From this work, and as we have previously suggested (see Lyle & Cushion 2010; Cushion & Lyle 2010), there is now a considerable landscape of coaching research with a bewildering range of theoretical and empirical perspectives and insights into coaching. Despite this apparent depth of empirical work, we remain surprised that there is still a lack of in-depth understanding of coaching and a clear conceptual underpinning with which to inform coaching practice and coach education. Despite our research efforts, and a degree of ‘clustering’ of ideas around, for example, ‘coach effectiveness’ and ‘decision making’, these remain contested notions, leaving us with little consensus or clarity about the nature of coaching.
Cited in our earlier review of the ‘state of the field’ (Lyle & Cushion 2010), but still useful, is Ward and Barrett’s (2002) test of the utility and value of research to a practice community, which asks the extent to which its findings are (a) used as recommended practices in the preparation of practitioners; and (b) incorporated by practitioners in everyday practice. There are positive research examples to be found of interventions in coach education and coaching practice – but no evidence for the systematic application of these, or any other findings, in the development of coaching practice or coach education in terms of either methodology or results. As a result, the increased research attention devoted to coaching, with its considerable weight of research studies and the level of conceptual and theoretical development in coaching, has had little apparent impact on coaching practice or coach education and a somewhat disheartening picture of the ‘effectiveness’ of coaching research to impact practice can be drawn – we have yet to distinguish between our knowledge of how coaches operate and our capacity to describe this, or indeed how we educate and develop coaches.
KEY CONCEPT
There is a lack of in-depth understanding of coaching and a clear conceptual underpinning with which to inform coaching practice and coach education.

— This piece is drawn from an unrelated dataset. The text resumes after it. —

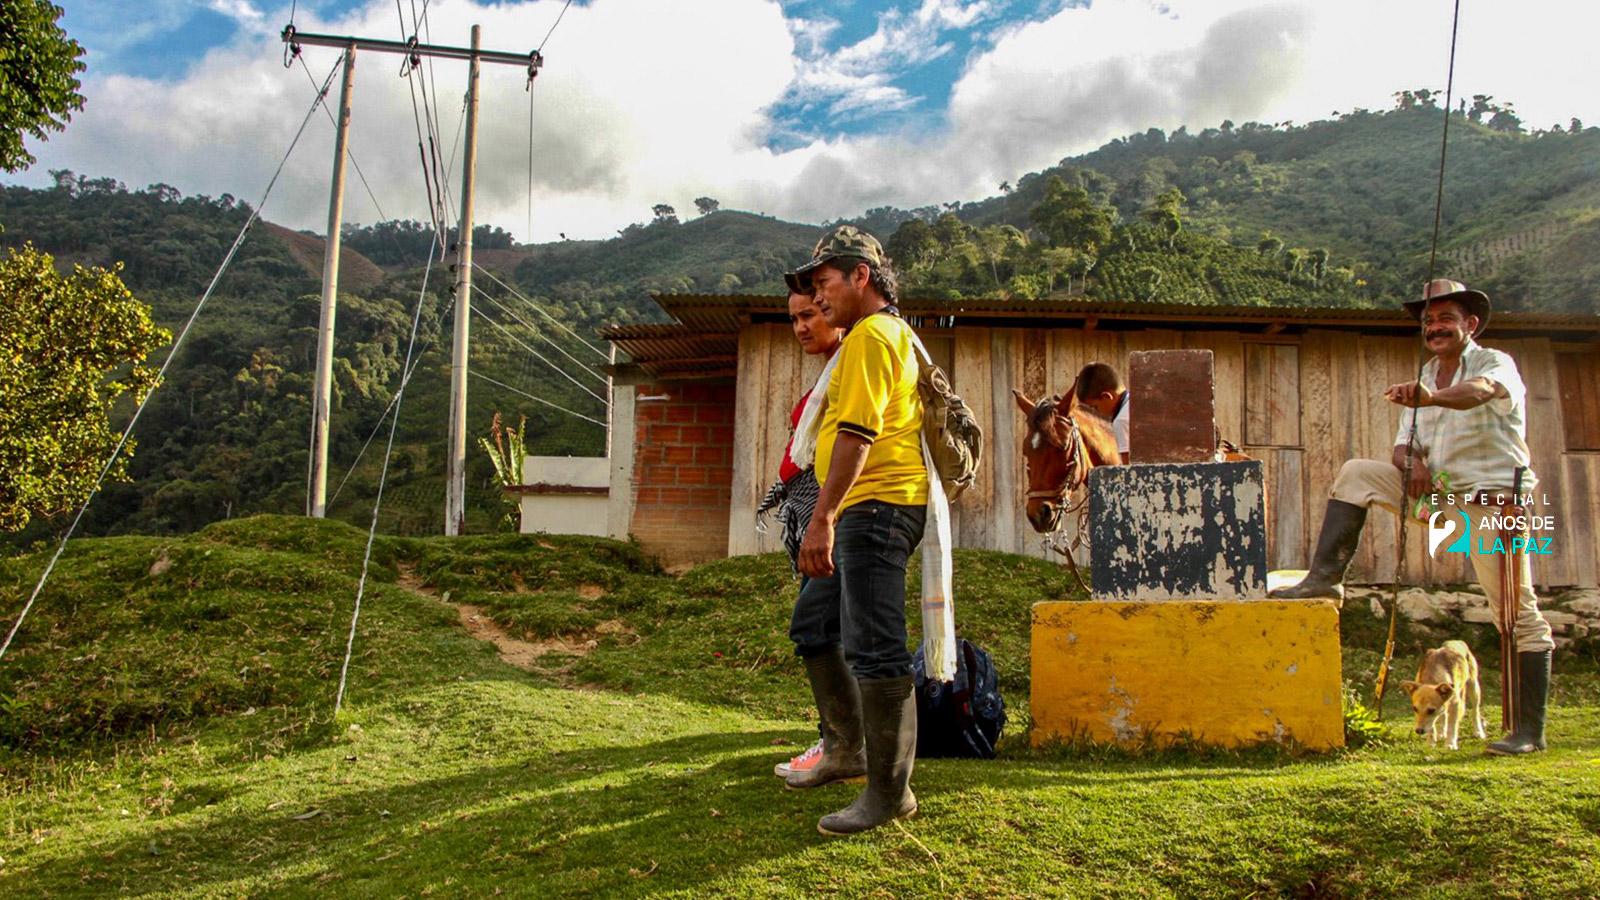 De la guerra al olvido, la paz frustrada en las montañas del Tolima

There are positive research examples to be found of interventions in coach education and coaching practice – but no evidence for the systematic application of these, or any other findings, in the development of coaching practice or coach education in terms of either methodology or results.
The purpose of this chapter is to give some consideration to why research is a low-impact endeavour when it comes to influencing coach education and coaching practice. It is not to conduct a ‘review of literature’ as such, but to provide some insight to, and suggest possible reasons for, the current impotence of coaching research in generating impact on practice. The chapter then goes on to develop a research agenda for coaching and considers the research process pertaining to coaching, the nature of the coaching process and assertions about coaching from which to demonstrate the generation of research questions.
AN OVERVIEW OF EXISTING RESEARCH
Coaching research has its own history and character. The early systematic observation studies (e.g. Lacy & Darst 1985) and leadership model (Chelladurai & Saleh 1980) were influential in the devising of coaching behaviour frameworks. It is not surprising, therefore, that Gilbert and Trudel’s (2004) review identified that ‘coaches’ behaviours’ were the main research interest from 1970 to 2001. These gave way to the interview and observation approaches of, for example, Salmela (1995), Gould et al. (1990), Gilbert (Gilbert & Trudel 2004) and Côté (Côté et al. 1995). In the last 10–15 years, the acknowledgement of a coaching process has spawned a search for the most appropriate means to represent and understand it (see Lyle 2002 and review by Cushion et al. 2006). While Rangeon et al.’s (2012) review showed this focus had shifted to research considering ‘coach development’, with 25 per cent of the most cited publications in their analysis directly dealing with this topic (a focus on coach education, learning and related developmental issues for coaches). They suggest that this shift is due to a growing field moving beyond description to understanding in terms of coach development and learning.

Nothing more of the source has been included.